Вечером, когда все стихло, в калитку осторожно стучала какая-то невидимая, таинственная рука. Кучер Яков, не торопясь, выходил за ворота и долго с кем-то шептался, а потом возвращался в кухню и упорно молчал.
— Из конторы сотник приходил… — объясняла нам кухарка под величайшим секретом. — Народ сбивают… Легкое место сказать: одного человека пымать!.. тьфу!..
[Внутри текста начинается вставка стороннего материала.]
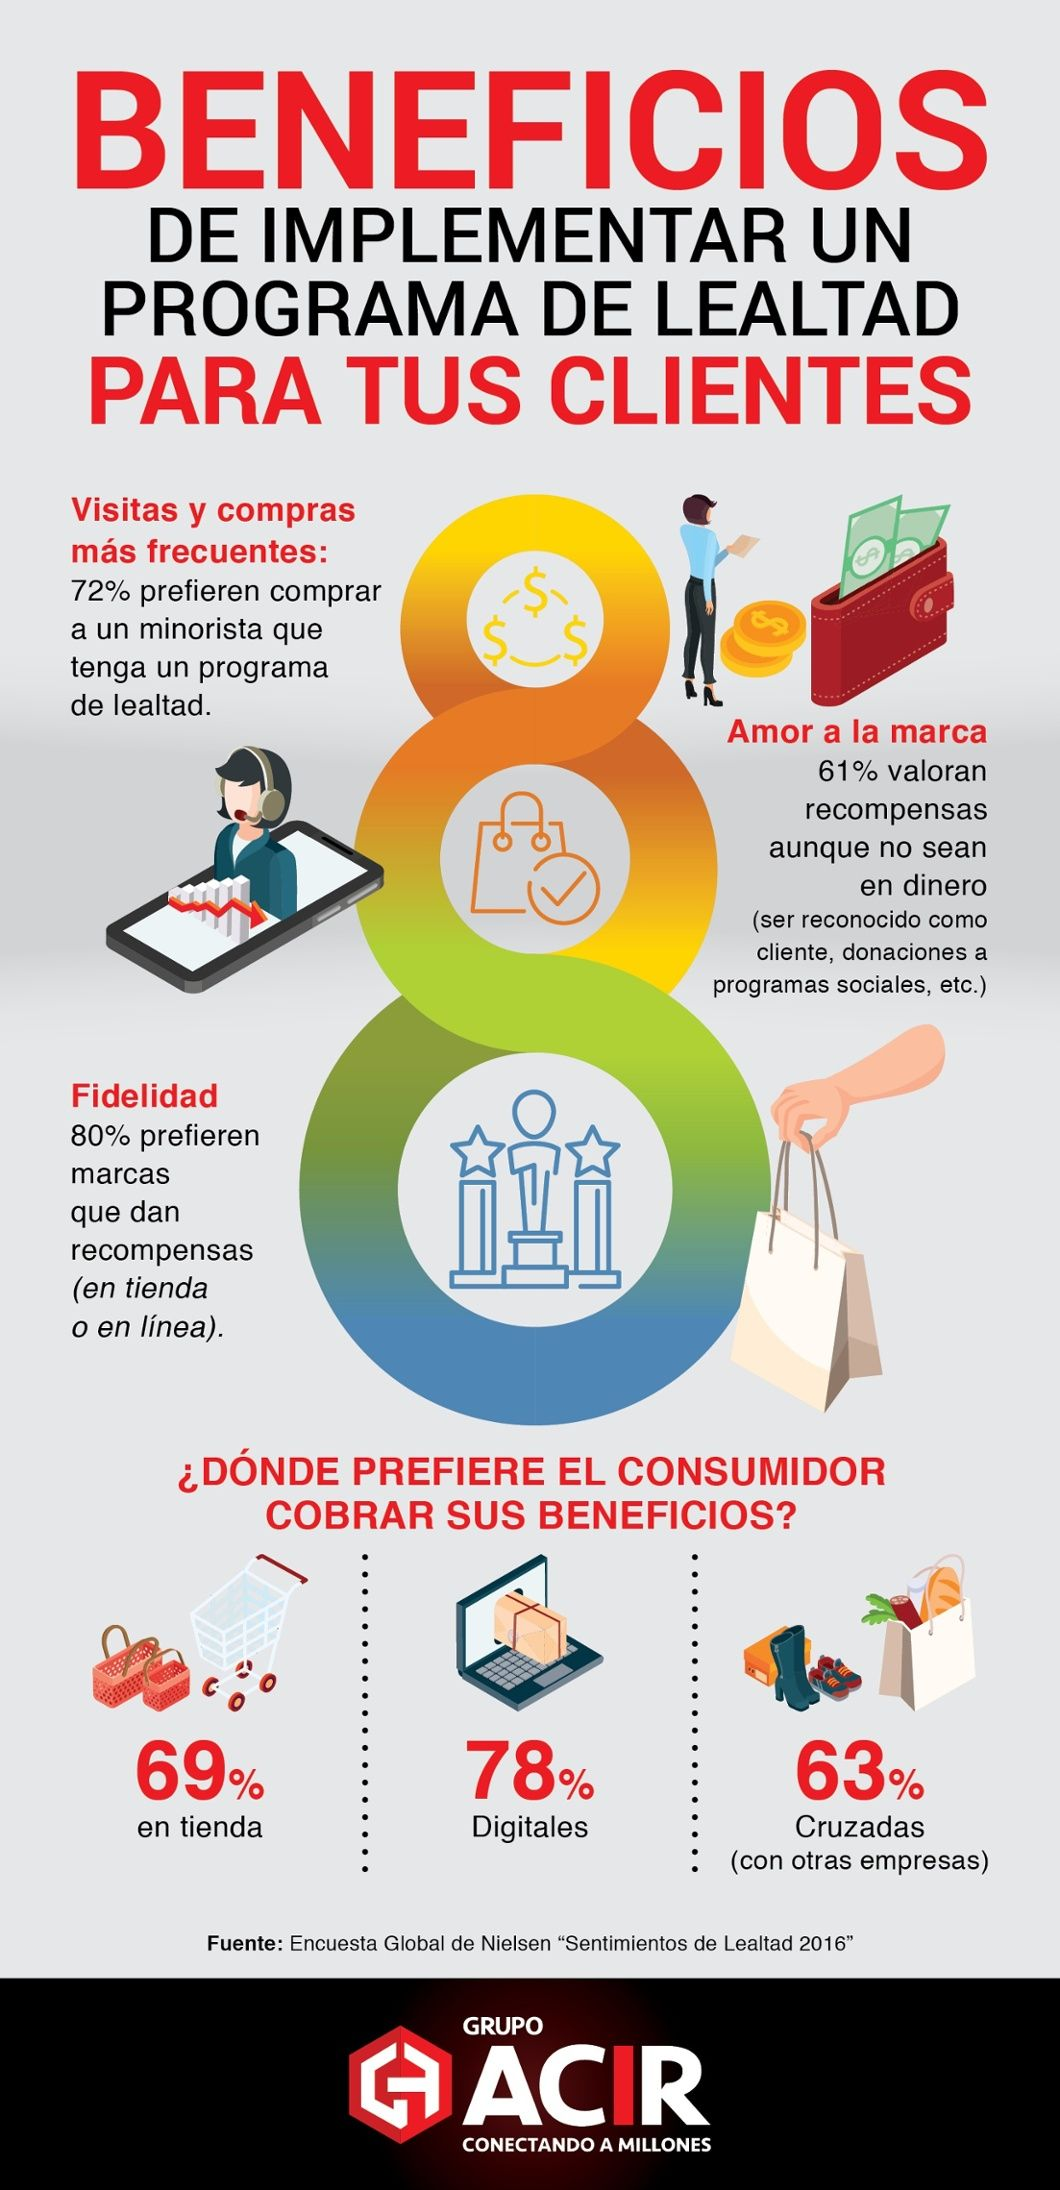 8 beneficios de implementar programas de fidelidad para tus clientes  #infografia #marketing

В кухарке сказывалось смутное сочувствие к геройству Марзака, и она любила рассказывать, как этот разбойник бросался с ножом на заводского приказчика, как его ловили, заковывали в кандалы, драли в «машинной», а потом увозили в Верхотурье, в острог. Марзак сидел несколько времени, а потом уходил и непременно возвращался опять к нам, на Шайтанский завод. Раз ушел он из острога зимой в одной рубахе; босой, и ничего, остался жив. Вообще получался легендарный человек, который умел заговаривать даже пули конвойных солдатиков. Все эти рассказы, конечно, припоминались именно в этот момент, когда весь завод ждал набата. Лежишь в своей теплой детской кроватке и со страхом думаешь о «машинной», где наказывали за всякую крепостную провинность розгами, о верхотурском остроге, о глубоких зимних снегах, по которым бежит босой Марзак, и детское сердце сжимается от ужаса. И жаль делается, и страшно, и какое-то тяжелое чувство поднимается в душе против неизвестного, расплывающегося в детском воображении зла. Приказчик Завертнев, на которого Марзак бросался с ножом, часто бывает в нашем доме, он такой веселый, добрый человек. И его тоже жаль… Зачем Марзак хотел зарезать этого Завертнева? В ушах даже поднимается звон кандалов, в которых мы видали Марзака не раз… Да и вот сейчас этот самый Марзак идет с ножом к кабаку, где его будут ловить… Детское сердце замирало от страха, и ухо старалось поймать малейший шорох.